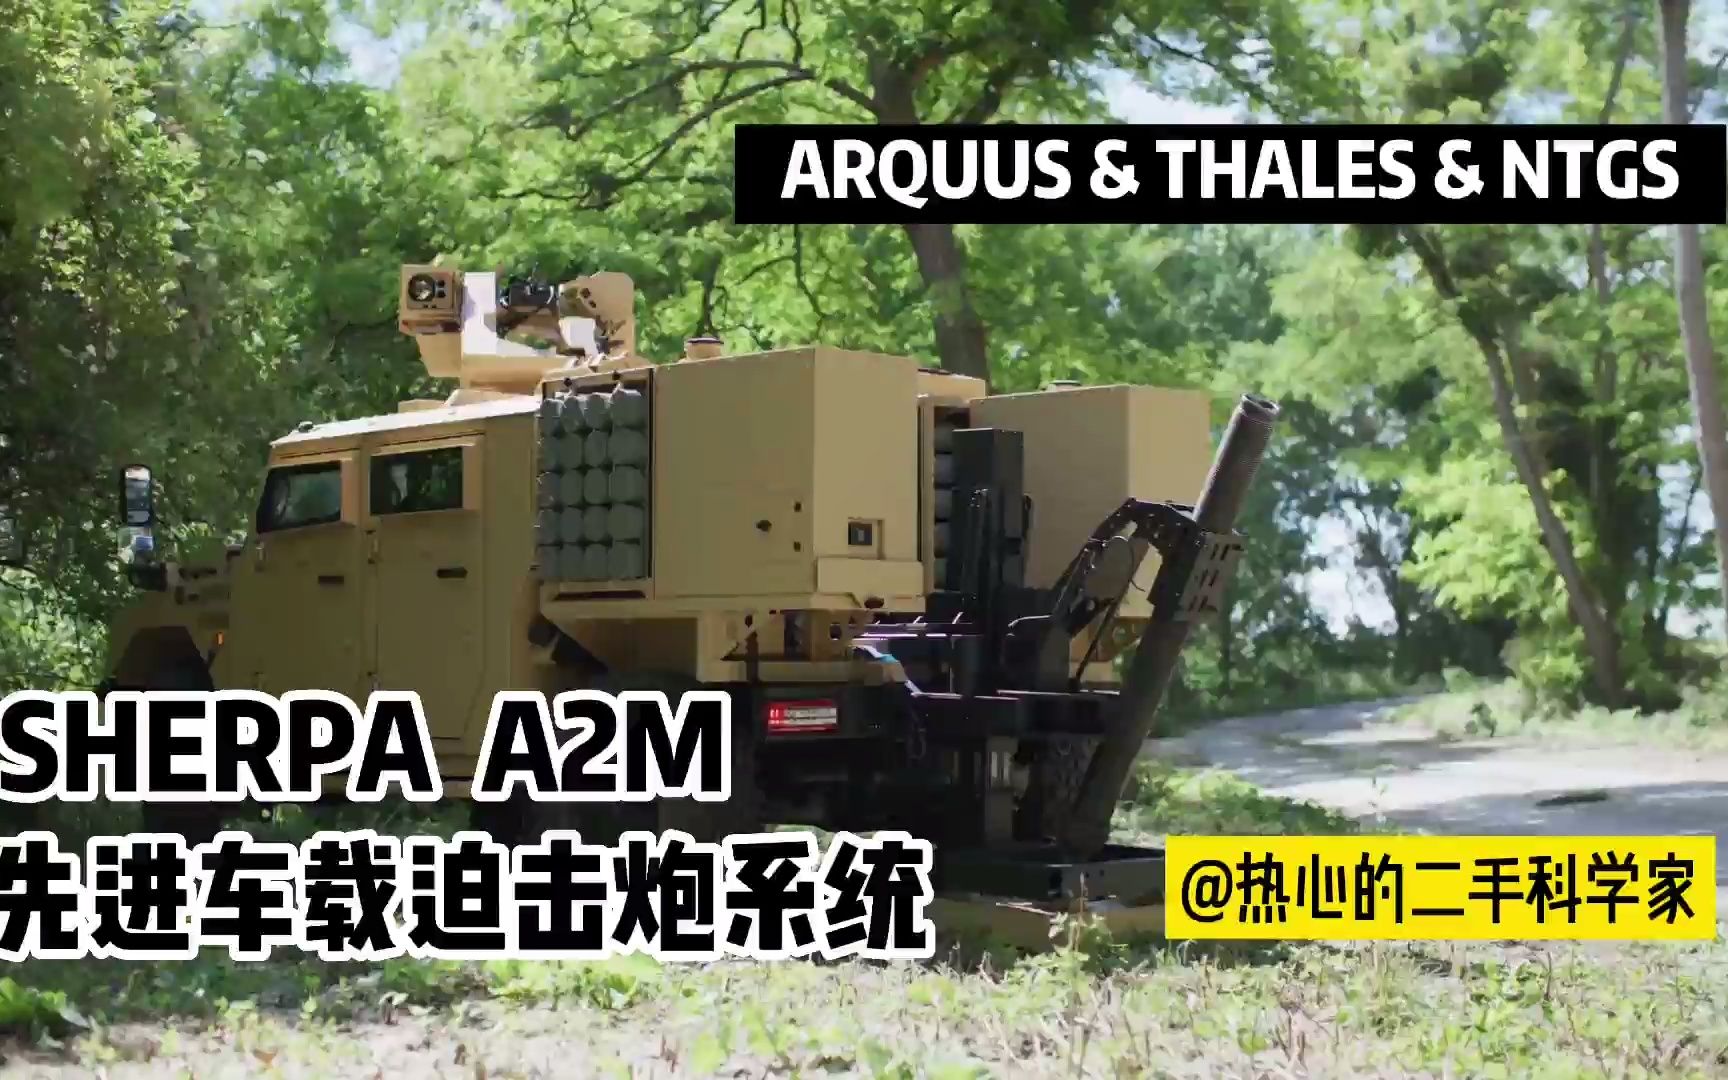 SHERPA A2M 先进车载迫击炮系统
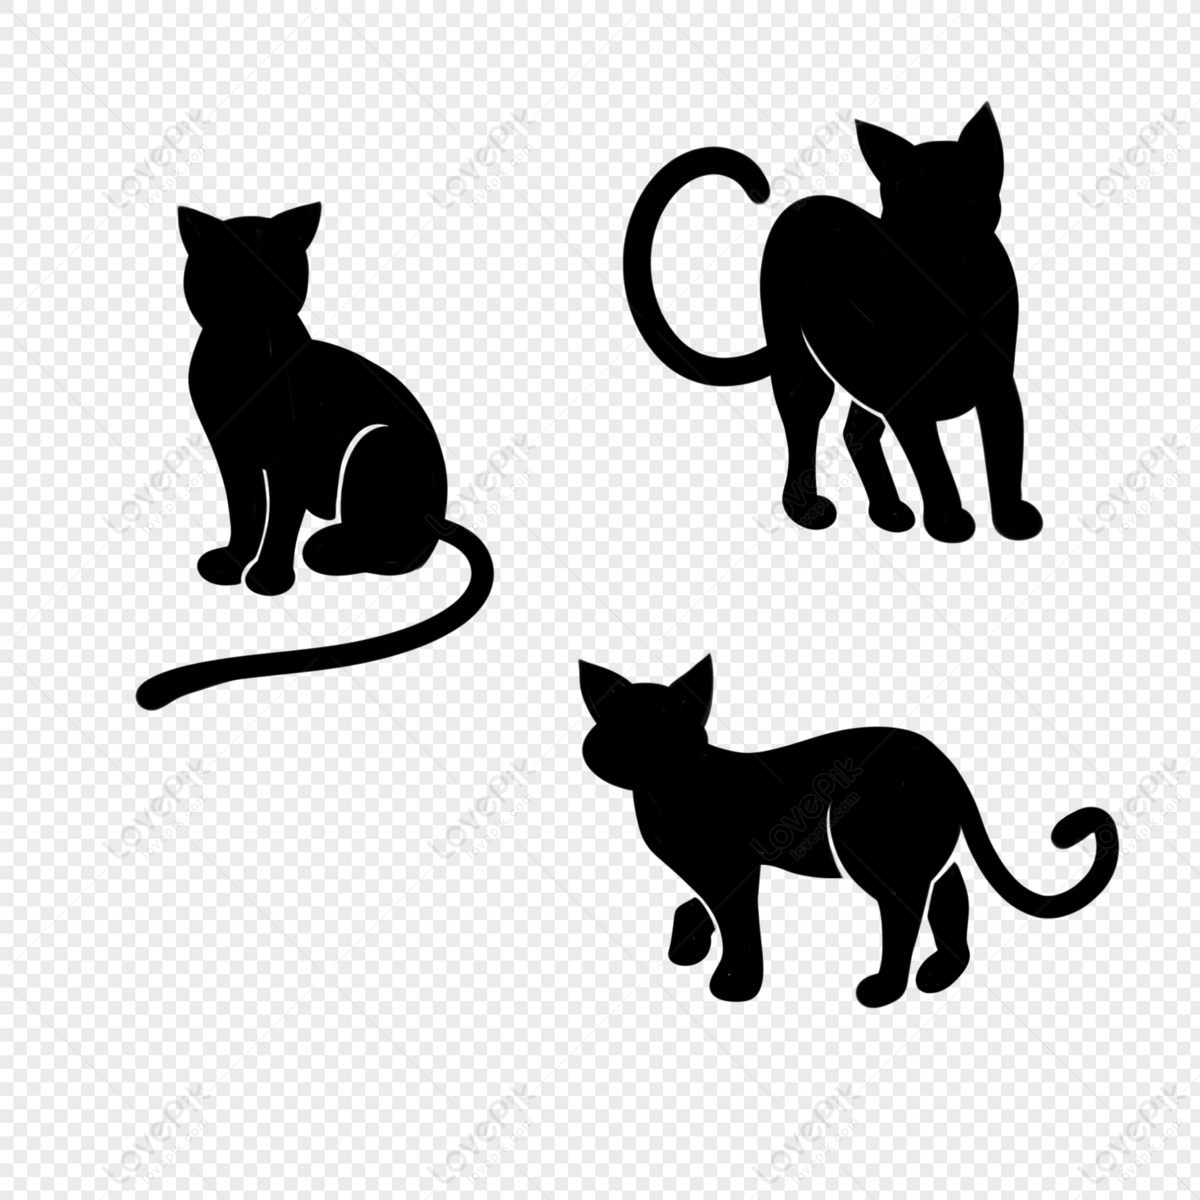 Bạn muốn sở hữu hình ảnh miễn phí về mèo để sử dụng cho mục đích đa dạng? Tải về hình ảnh miễn phí của con mèo ngồi và đứng dưới định dạng PNG ngay hôm nay để sử dụng cho các dự án của bạn.
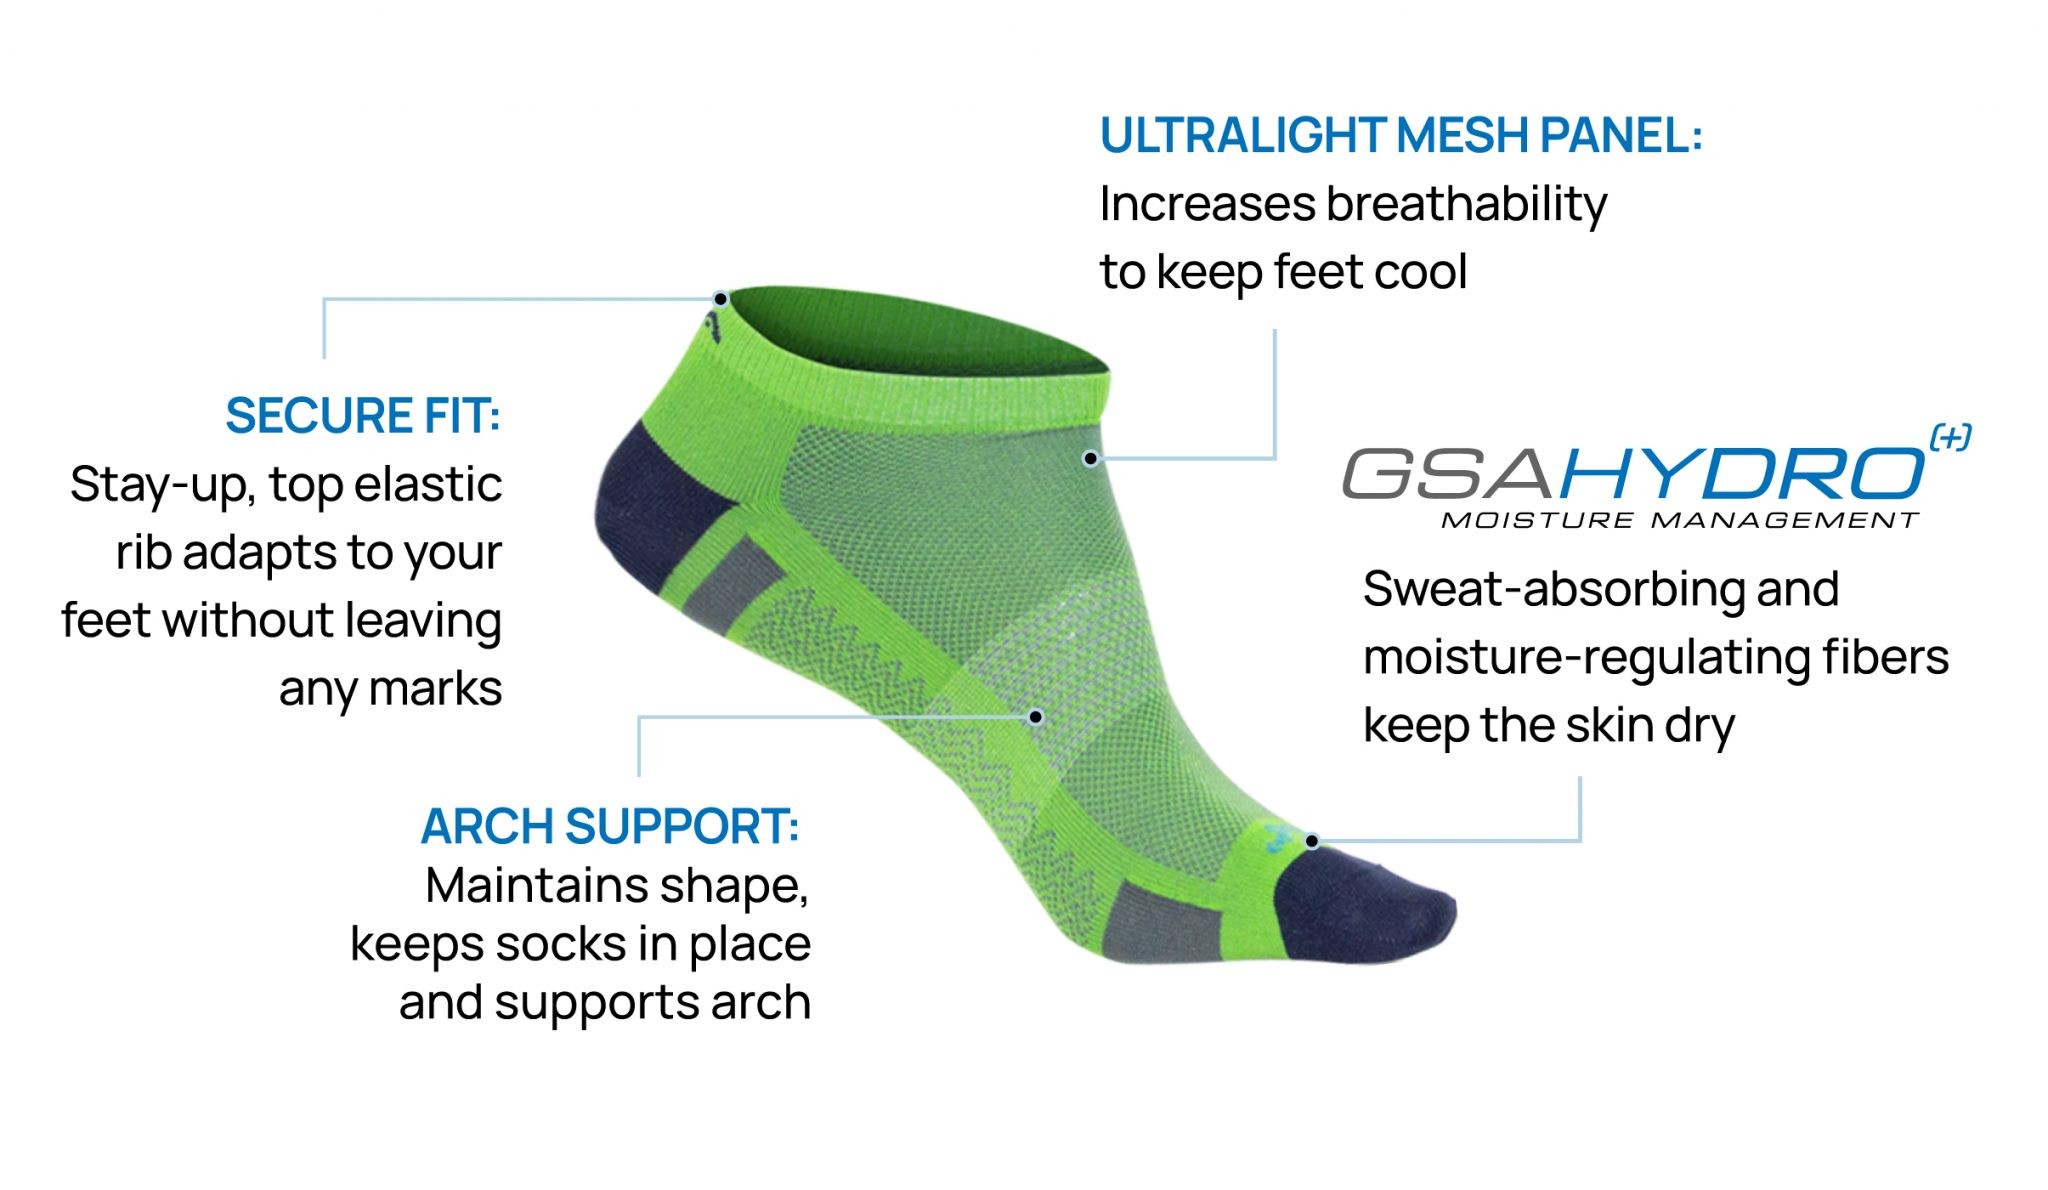 Ανδρικές Κάλτσες - GSA 620 Performance Socks Πακέτο των 3 - 911448-57 -  Spot Team

◆ **THE PROBLEM**
When you restate the listing above, give each line word for word but leave out every image.

◆ **RESPONSE FOR THIS EXERCISE**
 SHERPA A2M 先进车载迫击炮系统
 Bạn muốn sở hữu hình ảnh miễn phí về mèo để sử dụng cho mục đích đa dạng? Tải về hình ảnh miễn phí của con mèo ngồi và đứng dưới định dạng PNG ngay hôm nay để sử dụng cho các dự án của bạn.
 Ανδρικές Κάλτσες - GSA 620 Performance Socks Πακέτο των 3 - 911448-57 -  Spot Team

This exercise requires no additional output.